3. This sub-section refers to three matters the execution, discharge or satisfaction of the decree. The execution of a decree is the carrying out of a decree; the discharge or satisfaction of the decree also involves the idea of carrying out the decree. None of these three words imply restitution which is a different idea and implies the restoring of something which has been taken in execution, and to that extent the rectification or alteration of some proceeding in execution discharge or satisfaction. Restitution is in fact the converse of the ideas embodied in Section 47. For authority for the proposition that restitution can be made in the present case learned Counsel for appellant has referred to Lakshminarayan Hiralal v. Laduram Onkar Agarwala 1932 Bom. 96, a ruling of a learned Single Judge. In that ruling it was held that restitution could be granted by 'liberally' applying Section 144 and Section 47. The particular facts of that case were different. In that case the lower Court had valued certain bales at Rs. 143-2-6, for which plaintiff had given credit to defendant. That finding was reversed by the appellate Court which valued the bales at over Rs. 5,500. As a result of the appellate Court's order the judgment-debtor was held to have paid more in execution than was under the decree. Under those circumstances it was held that restitution could be granted. The circumstances are different from the present case.

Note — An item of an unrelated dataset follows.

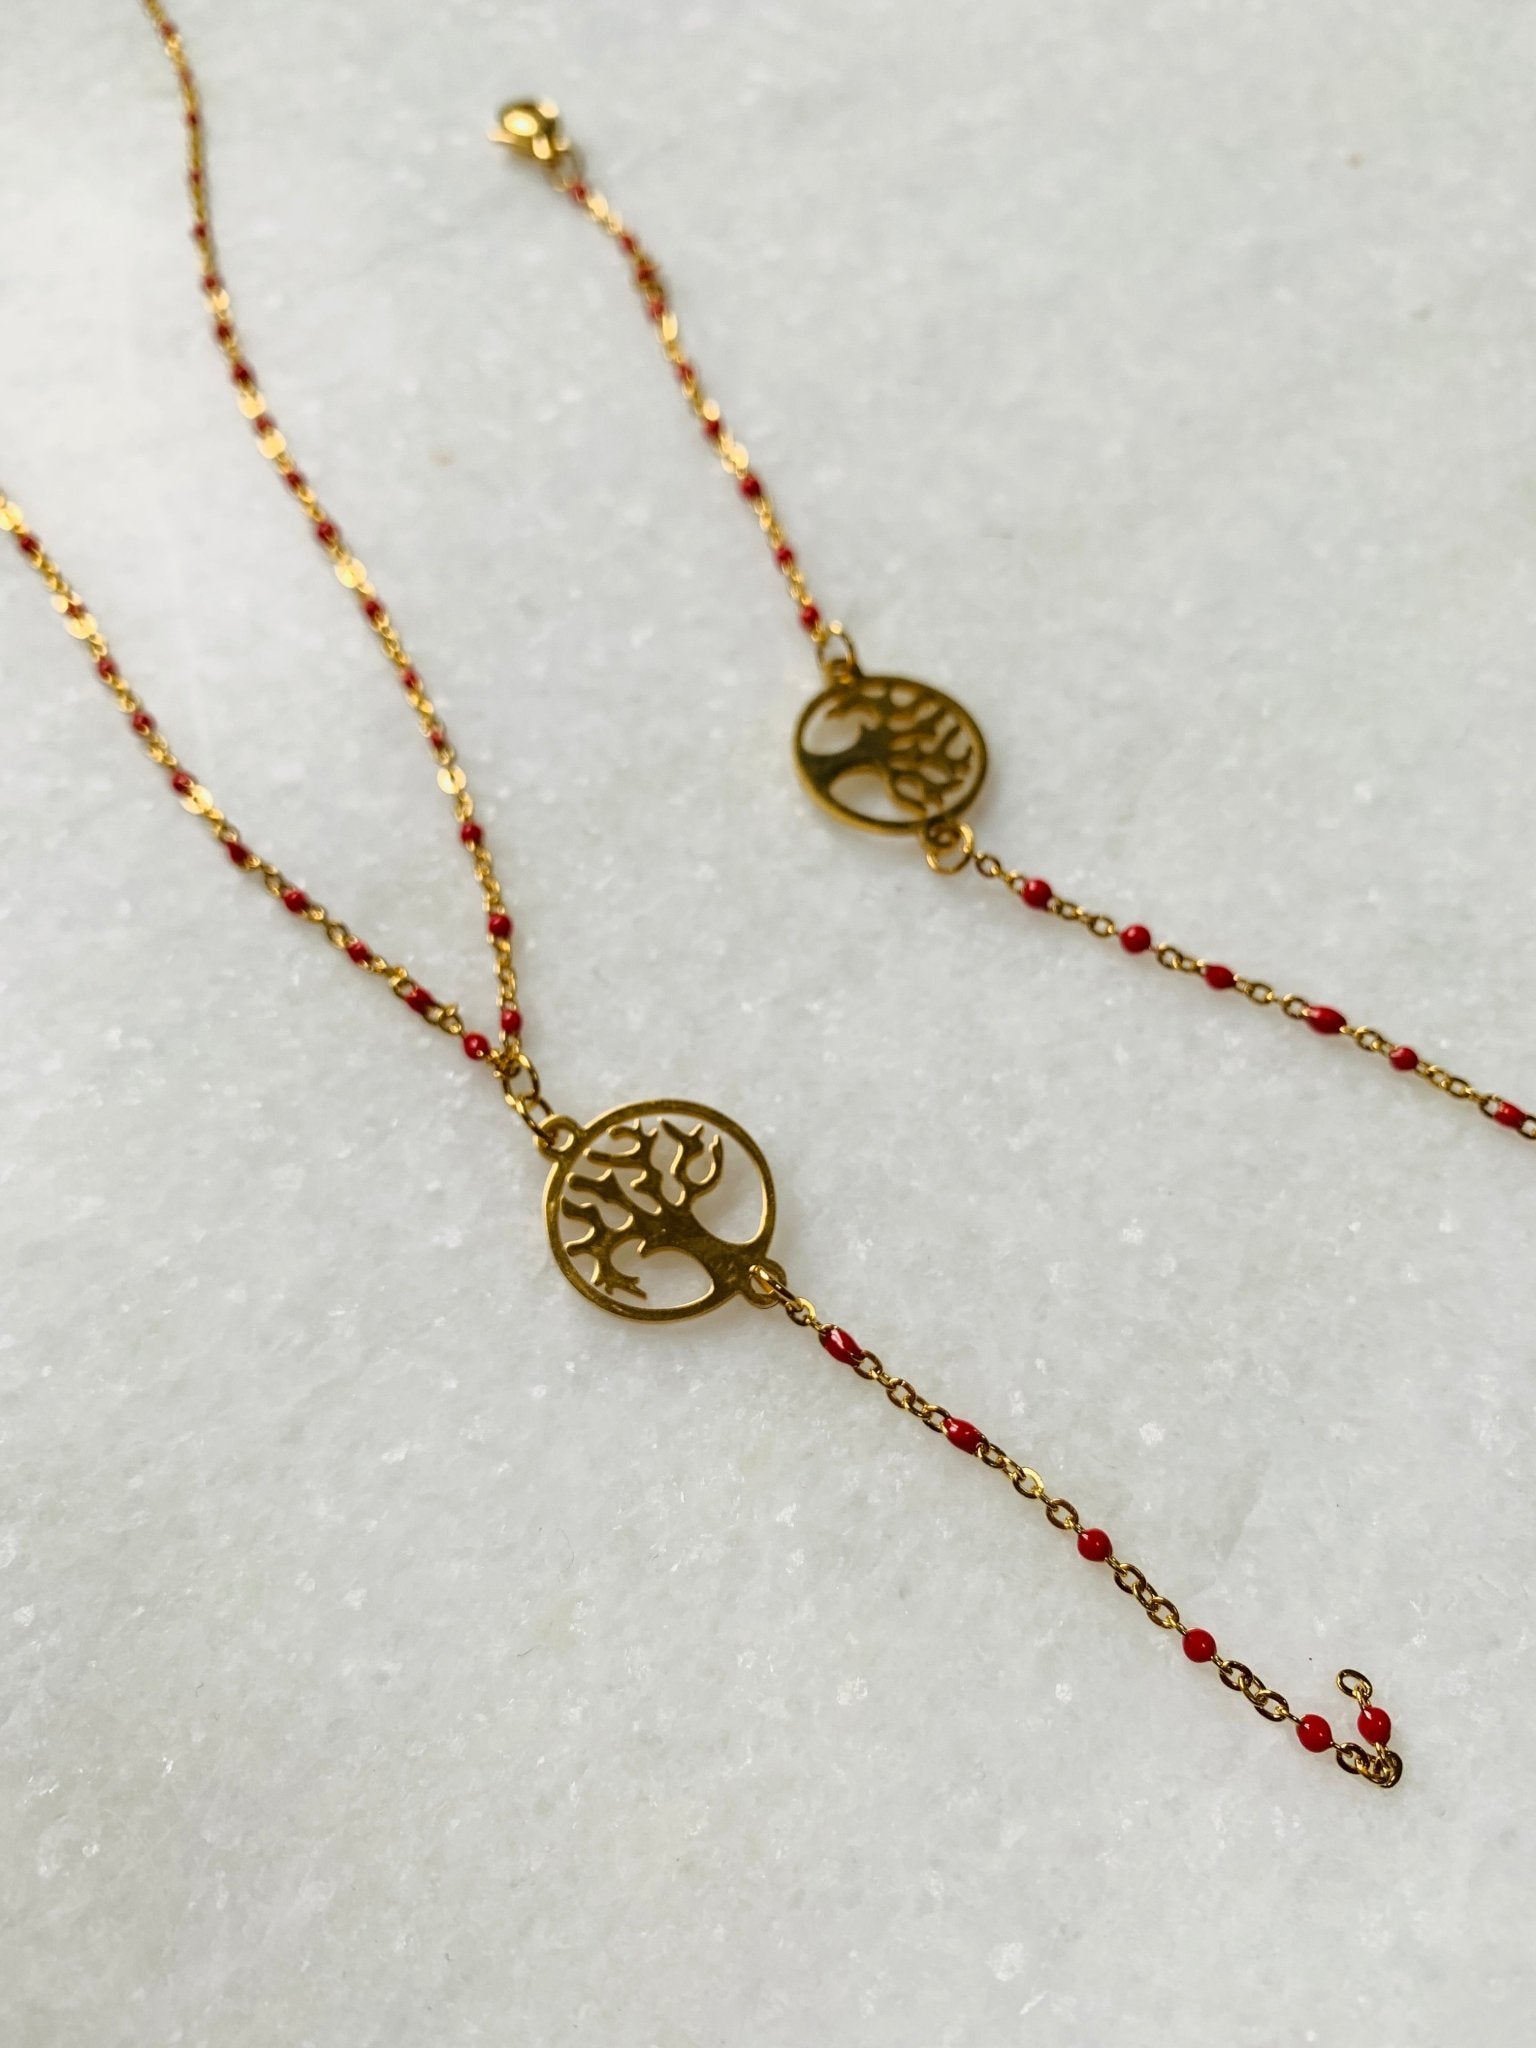 Mulberry tree gold and necklace / bracelet - Natalia Willmott

4. In the present case I consider that the remedy of the appellant was to appeal against the order of 11th July 1930 by which the Court directed the whole amount in deposit to be paid to defendant 1. No appeal was taken against that order and by neglecting to take an appeal the appellant has lost any right to have that order varied I which he might have had. Learned, counsel argues that because this Court dismissed the application for execution and held that defendant 1 alone should not apply for execution therefore ipso facto all orders passed in execution fell to the ground. Even if that argument were correct it does not follow that the remedy of restitution which is I confined by Section 144, Civil P.C., to the particular case of the variation or reversal of a decree can be applied to the present case. For these reasons I consider that the order of the lower Court is correct and I dismiss the first appeal in execution with costs. As questions of law have arisen I grant permission for a Letters Patent appeal.